Les parties ont confirmé leurs conclusions lors d'un deuxième échange d'écritures.
 
Le Tribunal fédéral considère en droit:
1.
1.1 Le contribuable qui se plaint d'être imposé à double peut former un recours de droit public pour violation de l'interdiction de la double imposition intercantonale (art. 46 al. 2 aCst. et 127 al. 3 1ère phrase Cst. dont la portée est similaire, cf. Message du Conseil fédéral du 20 novembre 1996 relatif à une nouvelle Constitution fédérale in: FF 1997 I 1 ss, p. 352/353) au plus tard dans les trente jours dès la notification de la dernière prétention fiscale qui, selon lui, constitue la double imposition. L'épuisement des instances cantonales de recours n'est pas nécessaire (art. 86 al. 2 OJ). Le recours déposé en temps utile contre la décision du dernier canton qui a statué peut également être dirigé contre la décision de taxation antérieure qui a été prise par l'autre canton et qui est déjà entrée en force (cf. art. 89 al. 3 OJ; ATF 123 I 289 consid. 1a p. 291).
 
Les intéressés dirigent leur recours contre les cantons de Zurich et de Vaud. Ils concluent à l'annulation de la décision de taxation de l'Administration fiscale zurichoise du 19 février 2002. Leur recours est recevable à cet égard. Il est également recevable en tant qu'il est dirigé à titre subsidiaire contre la décision de taxation de la Commission d'impôt et recette de E.________ du 7 février 2000.

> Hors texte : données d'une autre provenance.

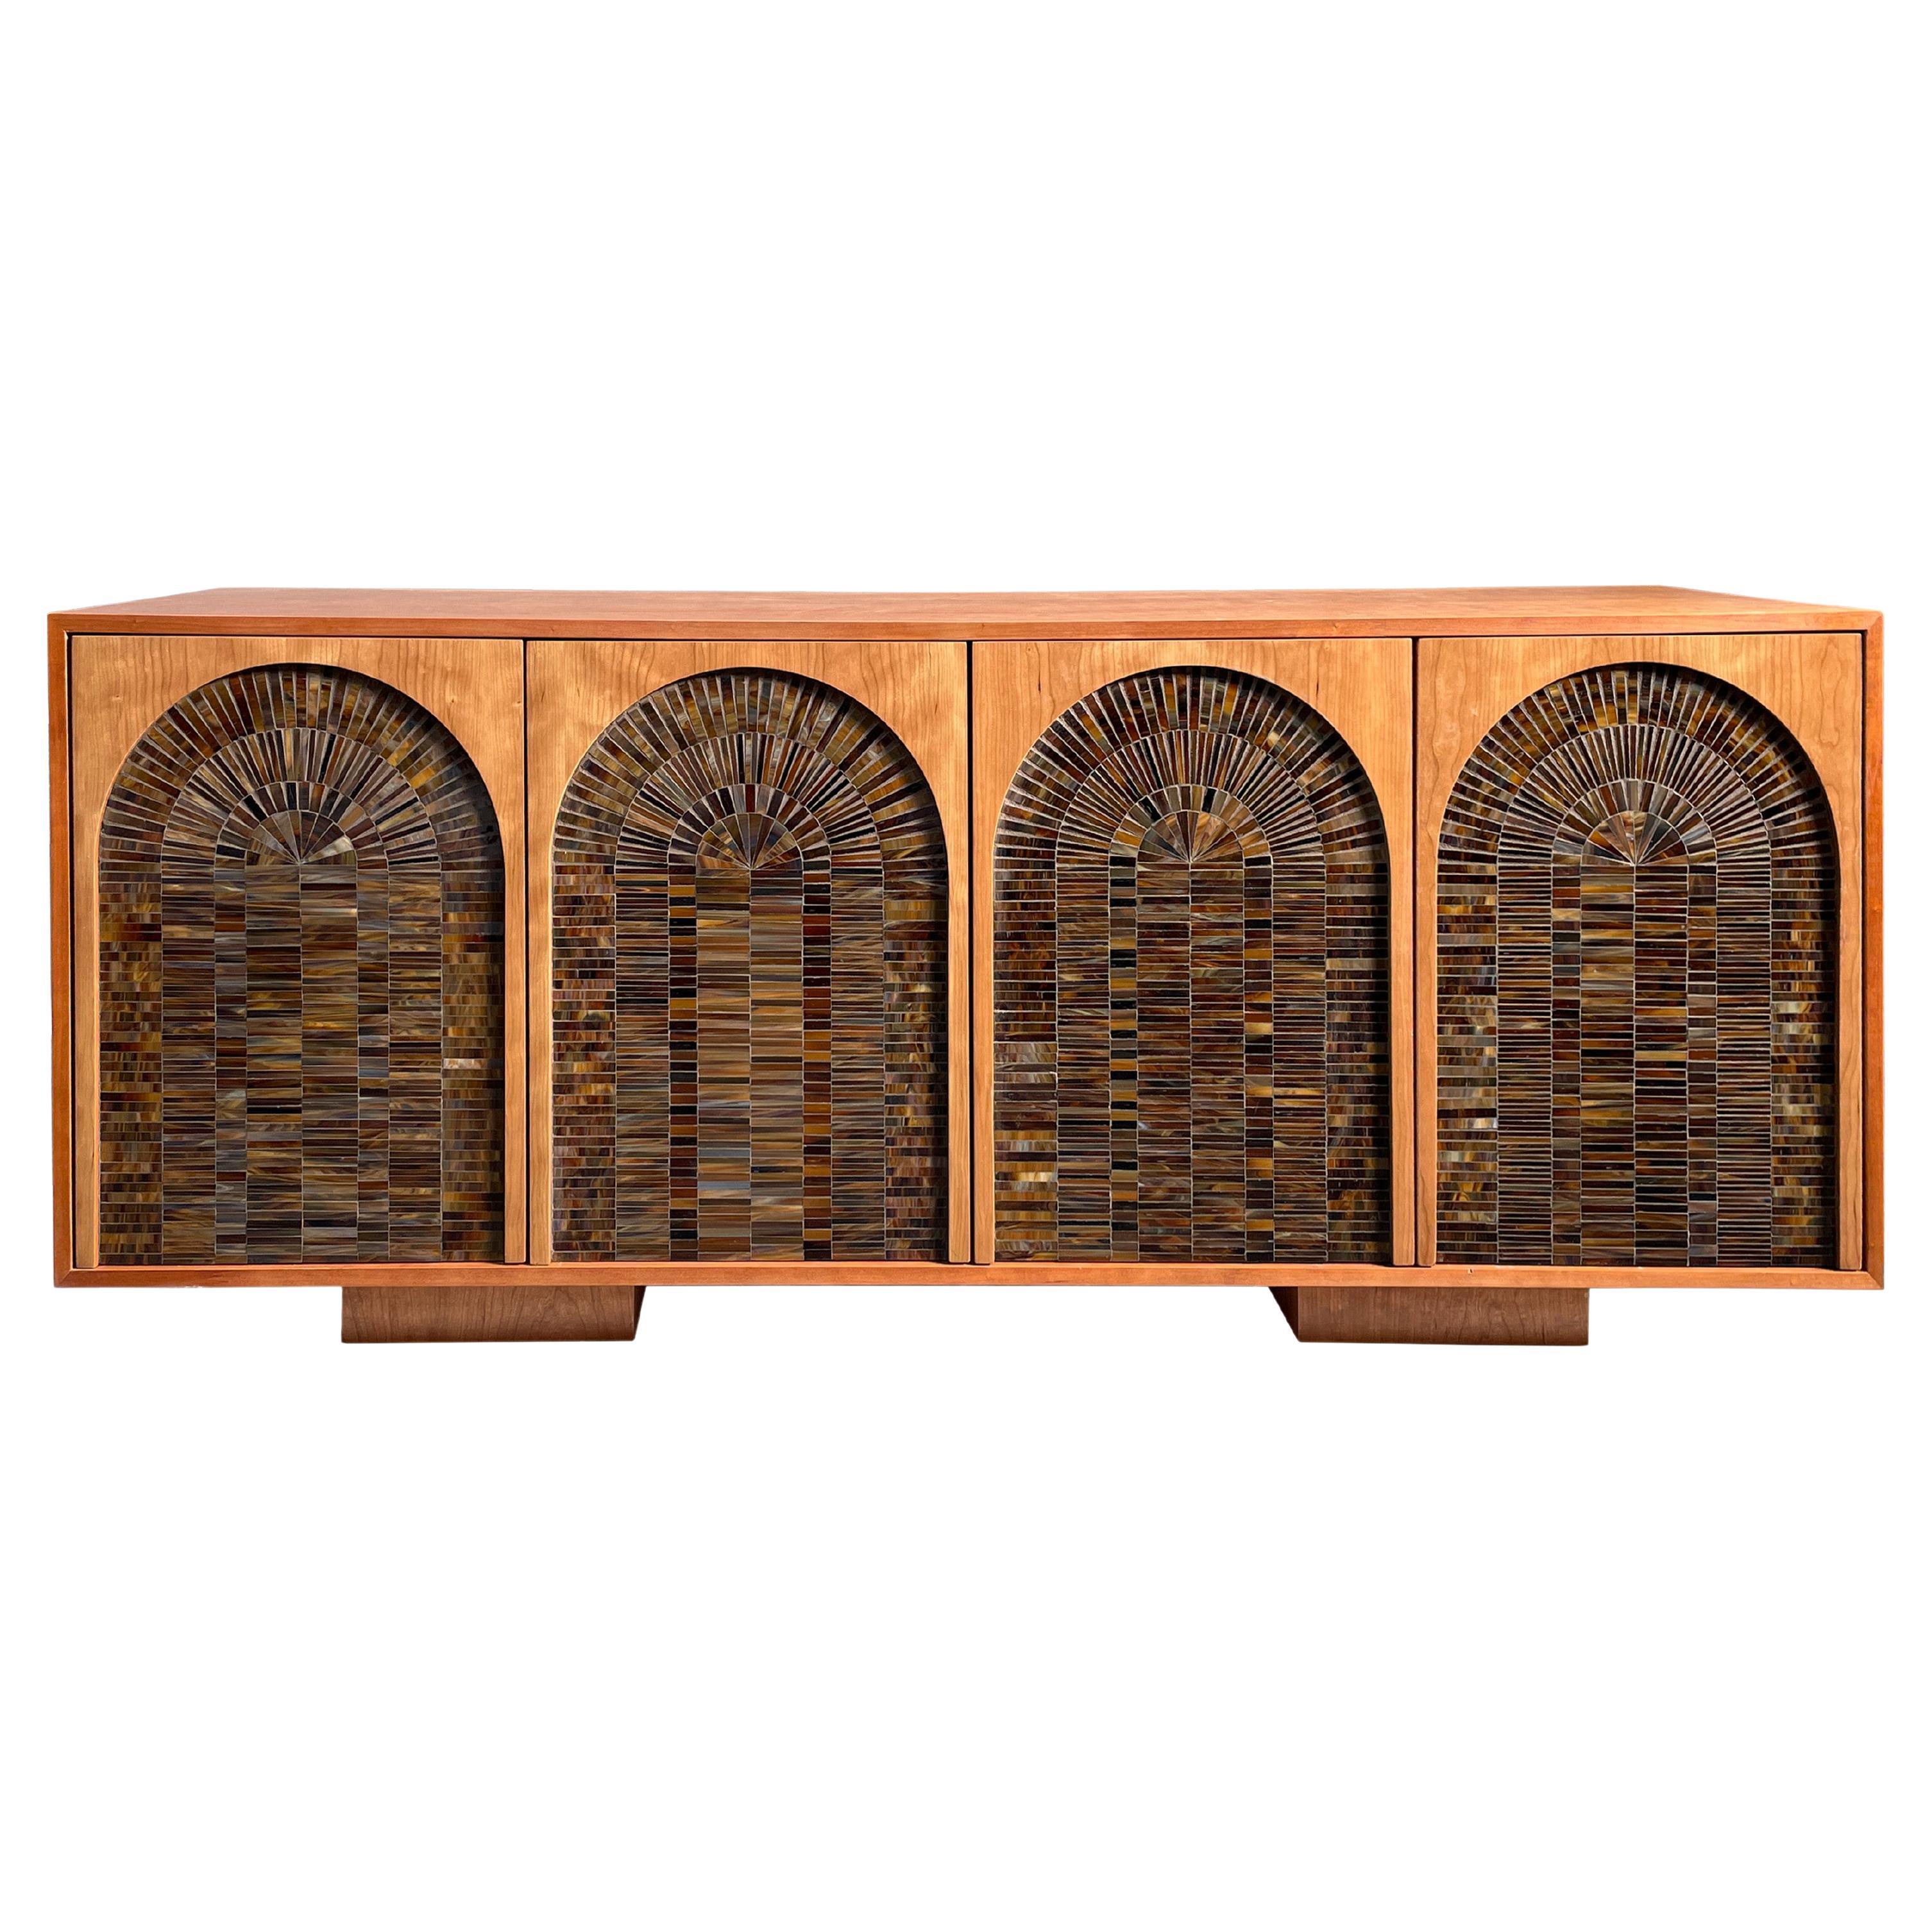 Modern Credenza 4 Door Cherry Wood and Glass Chocolate Mosaic by Ercole Home For Sale

1.2 Le recours de droit public n'a en principe qu'un caractère cassatoire (ATF 127 II 1 consid. 2c p. 5; 126 II 377 consid. 8b p. 395; 125 II 86 consid. 5a p. 96). Il est toutefois fait exception à cette règle lorsque le recours est fondé sur le principe de l'interdiction de la double imposition intercantonale et qu'il apparaît nécessaire de donner des instructions aux cantons concernés sur les limites de leur compétence fiscale ou pour ordonner le remboursement d'impôts perçus au mépris de l'interdiction constitutionnelle de la double imposition. Les conclusions des intéressés allant au-delà de la simple annulation de l'arrêt attaqué sont donc recevables (Revue fiscale 2001 p. 340 consid. 1b p. 341 et les références citées, 2P.119/2000), à l'exception de celle relative à l'allocation d'un intérêt sur un éventuel trop-perçu d'impôt à restituer.
 
En effet, en dehors des cas de double imposition et d'autres exceptions non réalisées en l'espèce (art. 86 al. 2 OJ), le recours de droit public (de nature purement cassatoire) n'est recevable qu'à l'encontre d'une décision de dernière instance cantonale (art. 86 al. 1 OJ). L'allocation d'un intérêt moratoire ne relève pas de l'interdiction de la double imposition, mais de l'application du droit cantonal (cf. sur ce point, Kurt Locher/Peter Locher, Die Praxis der Bundessteuern, III. Teil, Das interkantonale Doppelbesteuerungsrecht, Band 4, § 12, III C 2, no 8) et la décision vaudoise mise en cause par les recourants n'examine nullement cette question et n'émane pas d'une dernière instance cantonale. Par conséquent, la conclusion tendant à ce qu'un intérêt au taux légal rémunère les montants d'impôt éventuellement perçus en trop par le canton de Vaud est irrecevable.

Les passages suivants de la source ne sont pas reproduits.